12.07.2023 13:30:00

Wildcat Capital Management Issues Letter to Consolidated Communications' Special Committee Urging it to Reject the Recent "Take Private" Proposal at $4.00 Per Share

Wildcat Capital Management Supports the Company's Strategy as a Standalone Public Entity

Believes the Current "Take Private" Proposal Significantly Undervalues Consolidated Communications

NEW YORK, July 12, 2023 /PRNewswire/ -- Wildcat Capital Management, LLC (together with its affiliates, "Wildcat"), which beneficially owns approximately 2.6% of the outstanding shares of Consolidated Communications Holdings, Inc. ("CNSL" or the "Company") (NASDAQ:CNSL), today sent a letter to the Special Committee of CNSL's Board of Directors regarding its significant concerns with the non-binding takeover offer, dated April 12, 2023, from Searchlight Capital Partners, L.P. and British Columbia Investment Management Corporation. Wildcat is a long-term investor and one of the Company's largest shareholders. Wildcat supports the Company's current strategic trajectory and firmly believes in CNSL's value as a standalone public entity. In its letter, Wildcat urged the Special Committee to not pursue an offer that it believes significantly undervalues CNSL's equity by a factor of 3.5x.
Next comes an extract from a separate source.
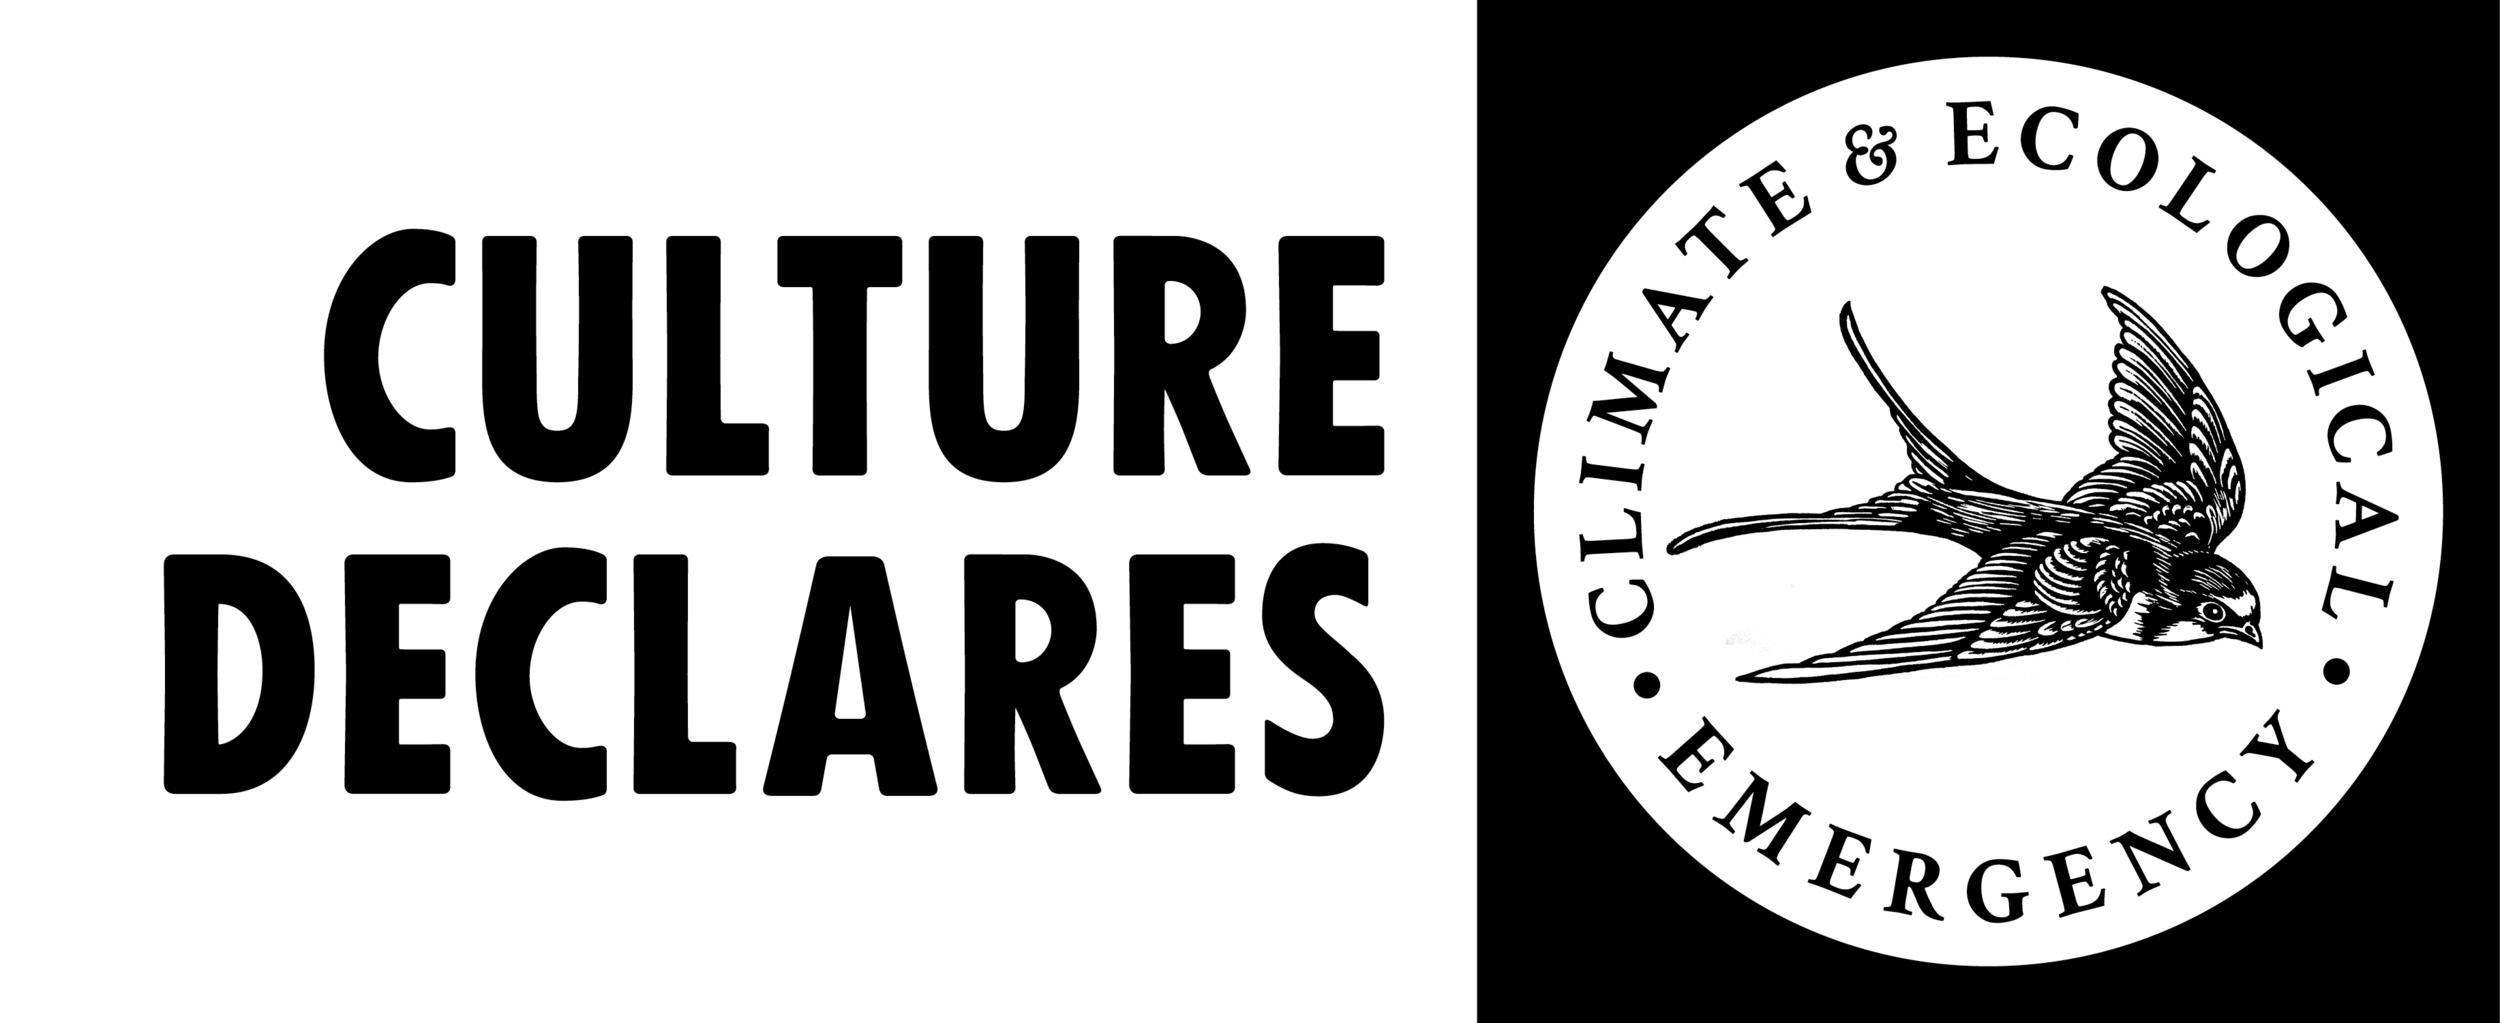 CultureDeclaresKite-HORIZ-BW-LRG.png

Based on analysis detailed in its letter, Wildcat believes that any offer for the Company that the Special Committee recommends should be no lower than $14.00 per share.

A full copy of the letter is below:

Consolidated Communications Holdings, Inc.
2116 South 17th Street
Mattoon, Illinois 61938
Attention: Special Committee of the Board of Directors

Dear Members of the Consolidated Communications Special Committee:

Wildcat Capital Management, LLC (together with its affiliated investment vehicles, "Wildcat," "we," or "our") is a long-term, patient investor which currently owns more than three million shares of Consolidated Communications Holdings, Inc. ("CNSL" or the "Company"), which we believe, based on public filings, makes us the Company's fifth-largest independent shareholder. As a sizeable shareholder of CNSL, we are delivering this letter to the Special Committee of CNSL's Board of Directors (the "Board") to detail our updated views on the contemplated take-private proposal from Searchlight Capital Partners, L.P. ("Searchlight") and British Columbia Investment Management Corporation ("BCI"), following our previous letter to the Special Committee dated June 15, 2023. We are not activist investors but have concluded, somewhat reluctantly, that at this juncture it is in the best interests of all CNSL shareholders for us to also make our views publicly known.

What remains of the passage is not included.